2.聖エルモ・クリニック(Saint Elmo Clinic)
所在地:KILIMANI PLAZA, Selous St., opp. Mawezi Hospital, Moshi
電話:0766-985210、0719-833497(代表)
概要:2014年開業のクリニックです。診察時間は平日8:00~20:00、土曜日10:00~16:00、日曜日10:00~14:00です。医師2人が常勤していますが、レントゲン装置はありません。
 
(アルーシャ)
1.アルーシャ・ルテラン病院(Arusha Lutheran Medical Centre)   
所在地:Wachaga Street (Makao Manya Road とWachaga Street の角)
電話:0736-502376(代表)
概要:ルーテル教会が運営する24時間対応の総合病院です。米国人の医師や看護師が診療を支援しています。救急車あり。
 
2.NSK病院(NSK Hospital)
所在地:27 Unga Limited Area, Arusha
電話:0626-221331(代表)
概要:2016年開業の病院です。現在、常勤医は1人で、診察時間は平日8:30~17:30、土曜日8:30~14:00です。各種検査および診断に力を入れており、透析治療を受けることも可能です。救急車あり。

3.アガカーン・メディカルセンター(Aga Khan University Hospital Arusha Medical Centre)   
所在地:Block H, Area F, Plot 506, Seth Benjamin St. , Arusha
電話:0655-231233(代表)
概要:ダルエスサラームにあるAga Khan Hospitalと同系列のクリニックです。
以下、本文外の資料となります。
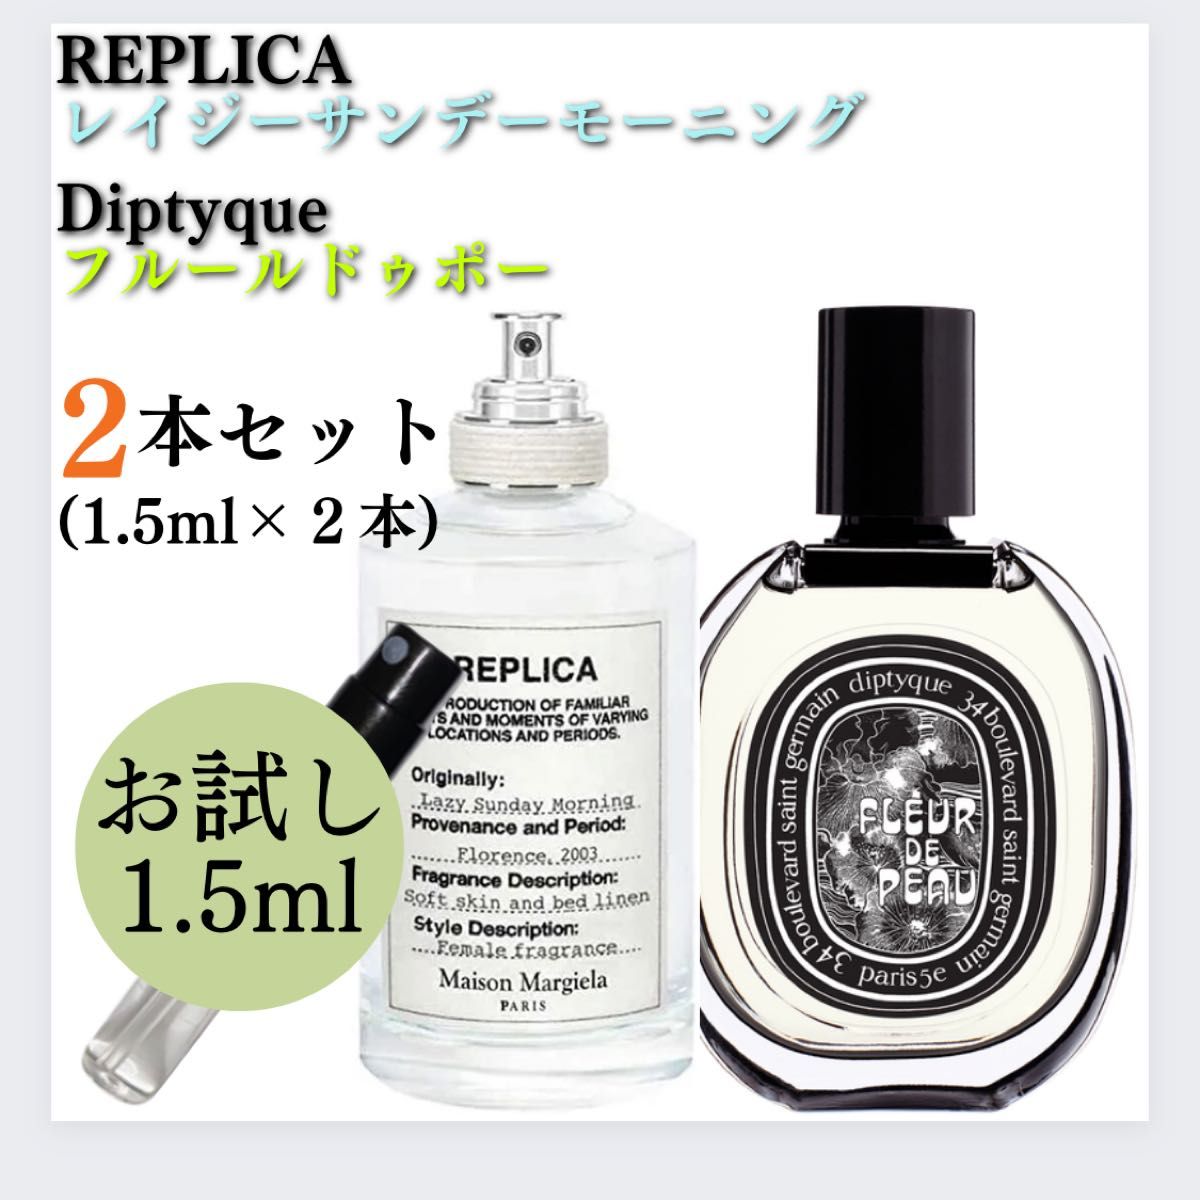 2本セット レイジーサンデーモーニング フルールドゥポー 1.5mlお試し 新品 ディプティック 香水 マルジェラ レプリカ

診察時間は平日及び土曜日が8:30~18:30、日曜日が10:00~14:00で、医師3人が常勤しています。清潔で、検査機器も充実しています。
 
(ザンジバル)
1.タサカー病院(Tasakhtaa Global Hospital)
所在地:Vuga St., Zanzibar
電話:(024)-2232341(代表)、(024)-2232222、0779-770577(救急)
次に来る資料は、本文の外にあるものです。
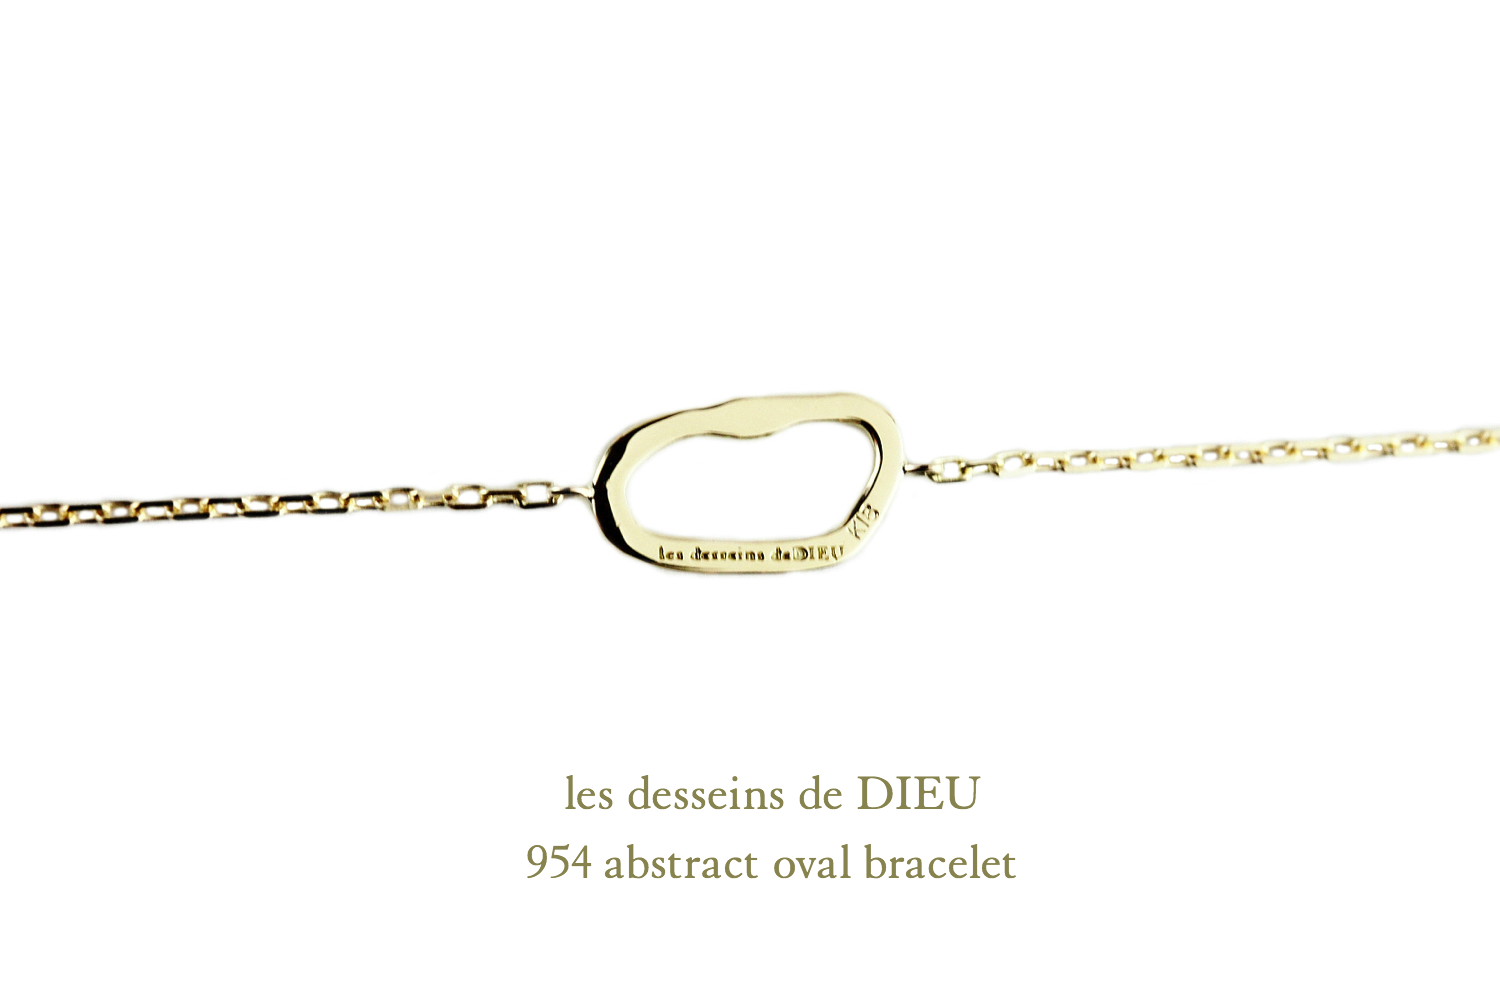 レデッサンドゥデュー 954 アブストラクト 華奢ブレスレット 抽象的 18金,les desseins de DIEU Abstract Bracelet K18

概要:2015年に開業した24時間対応の総合病院です。検査機器等医療設備は島内一です。救急車あり。
 
2.ザンジバル潜水病治療施設(Zanzibar Hyperbaric Chamber)
所在地:Matemwe, Zanzibar (Fairmont Resort敷地内)
電話:0777-788500(Dr. Henrik携帯)
概要:東アフリカで唯一潜水病治療が可能な施設です。Dr. Henrikが個人で運営をしており、電話による事前予約が必須です。24時間対応です。